Building for Operational Resilience in the Age of AI and Hybrid Cloud

Each year we see the challenges that enterprises face become more complex as they strive to keep up with the latest technologies, such as Generative AI, and changing customer demands – all while meeting evolving regulations and managing risk. For the financial services industry in particular, these challenges take on an entirely new level of expectation as they navigate the evolving regulatory landscape and manage requirements for privacy, resiliency, cybersecurity, data sovereignty, and more. In fact, organizations in the financial services industry and across all other regulated sectors including healthcare must place an even greater focus on managing risk – not only to meet compliance requirements, but to maintain customer confidence and trust.

To do this, it’s critical that banks and other financial institutions place an emphasis on operational resilience with the aim of maintaining stability, preserving market integrity, and protecting their and their customers’ most confidential data.

Prioritizing Operational Resiliency

The essence of operational resilience is an assumption that disruption is inevitable, and organizations must have measures in place to be able to absorb and adapt to any shocks. This includes cyber incidents, technology failures, natural disasters and more. With more dependency on technology and third- and fourth- parties, expectations are increasing for organizations to continue delivering critical business services through a major disruption in a safe and secure manner. This means it is critical to actively minimize downtime, and close gaps in the supply chain to remain competitive.

It's also important to understand that this is different from the long-standing industry practice of disaster recovery and returning to normal operations in several days with defined recovery point objectives and recovery time objectives. Although still an important practice, appetite for a conventional disaster recovery approach for critical business services is diminishing across industries and especially with regulators. This is evident from emerging regulatory requirements that we are seeing in the UK such as the Bank of England’s Critical Third-Party regime and the Digital Operational Resilience Act (DORA) in Europe.

Cybersecurity and Resiliency Across the Entire IT Estate

As hybrid cloud and generative AI adoption increases, data and applications are everywhere - across multiple clouds and vendors, including both SaaS and Fintech, on premises and even at the edge. For this reason, it’s more important than ever for financial services institutions to ensure their cybersecurity and resiliency strategy incorporates their entire IT estate, no matter where data resides.

To do this, organizations must first prioritize the most critical business services and develop a workload and data placement strategy to determine which applications and data should reside in a certain environment based on its specific security, resiliency and data sovereignty needs.

According to the 2024 IBM X-Force Threat Intelligence Index, attackers are increasingly shifting from ransomware to malware that is designed to steal information – which reinforces the importance of leveraging technology and an approach that provides a holistic view and end-to-end protection across your entire IT estate, including your partners.

While partnerships are essential for businesses to remain competitive and tap into new entry points, organizations must make sure third parties are thinking about security, resiliency and controls in the same way they and their regulators are.

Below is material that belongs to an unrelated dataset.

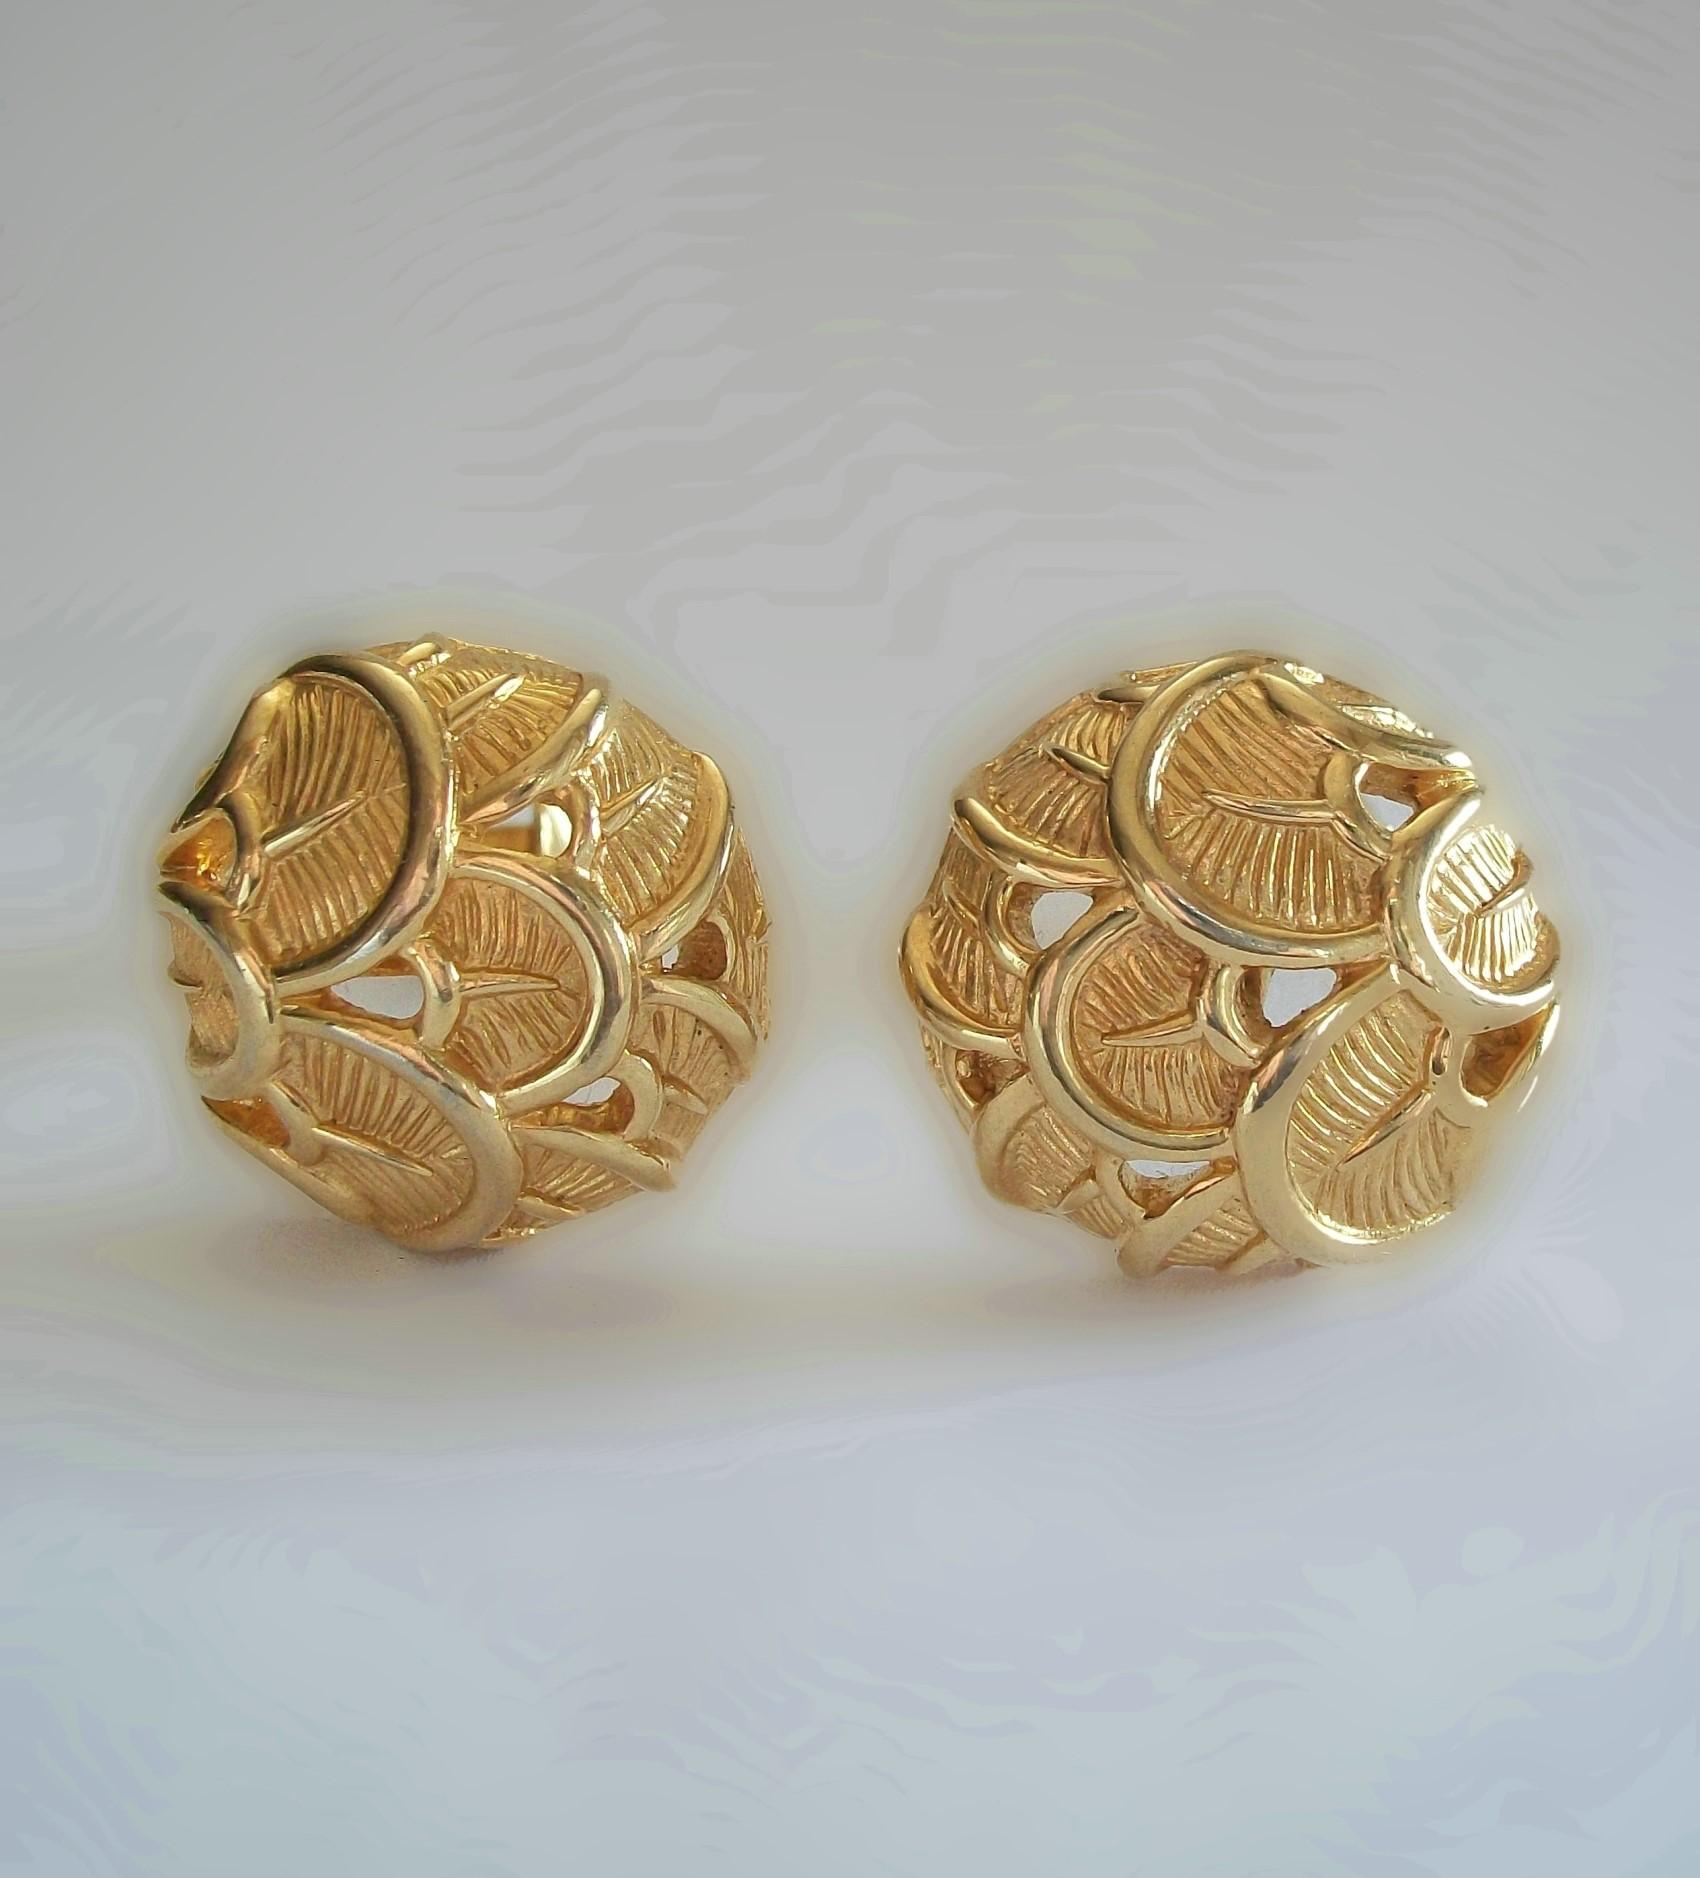 MARCEL BOUCHER - Art Deco style yellow gold tone round ear clips - each clip featuring stylized over-lapping palm leaves (a favorite Art Deco motif) with pierced elements - finest quality workmanship and detail that this brand is known for - lever

It’s clear trust and security must be at the foundation of decisions about where workloads and data reside – regardless of industry. But how can an enterprise ensure these priorities remain front and center, especially when working with third and fourth parties?

Taking An Industry-Specific Approach To Accelerating Digital Transformation

Hybrid cloud is now the dominant architecture adopted by enterprises, according to an IBM Study, but critical to hybrid cloud strategy is an industry cloud approach. Similar to how financial organizations have a responsibility to protect their customers’ data, cloud providers have a responsibility to provide a platform that is built with the needs of their clients in mind.

Over the last few years, it has become clear that financial services organizations need an enterprise cloud platform designed for their unique regulated industry. By leveraging an industry-specific cloud platform – such as one with built-in controls – financial services organizations and other technology services providers can better meet their stringent industry standards.

Shared Understanding and Ownership

As enterprises continue to balance the complexities of innovation, risk, resilience and more, the path forward will be working towards a common, risk-based understanding of the core principles that underpin effective operational resiliency. It’s essential for organizations to take ownership of their operations and prioritize their actions and investments based on the impact to themselves, their customers, and market stability, but this can’t happen in a vacuum.

It takes all of us including financial services organizations, their supervisory authorities, third- and fourth- parties, and cloud providers to work in unison to accomplish the same critical mission: reducing risk and enabling resilience.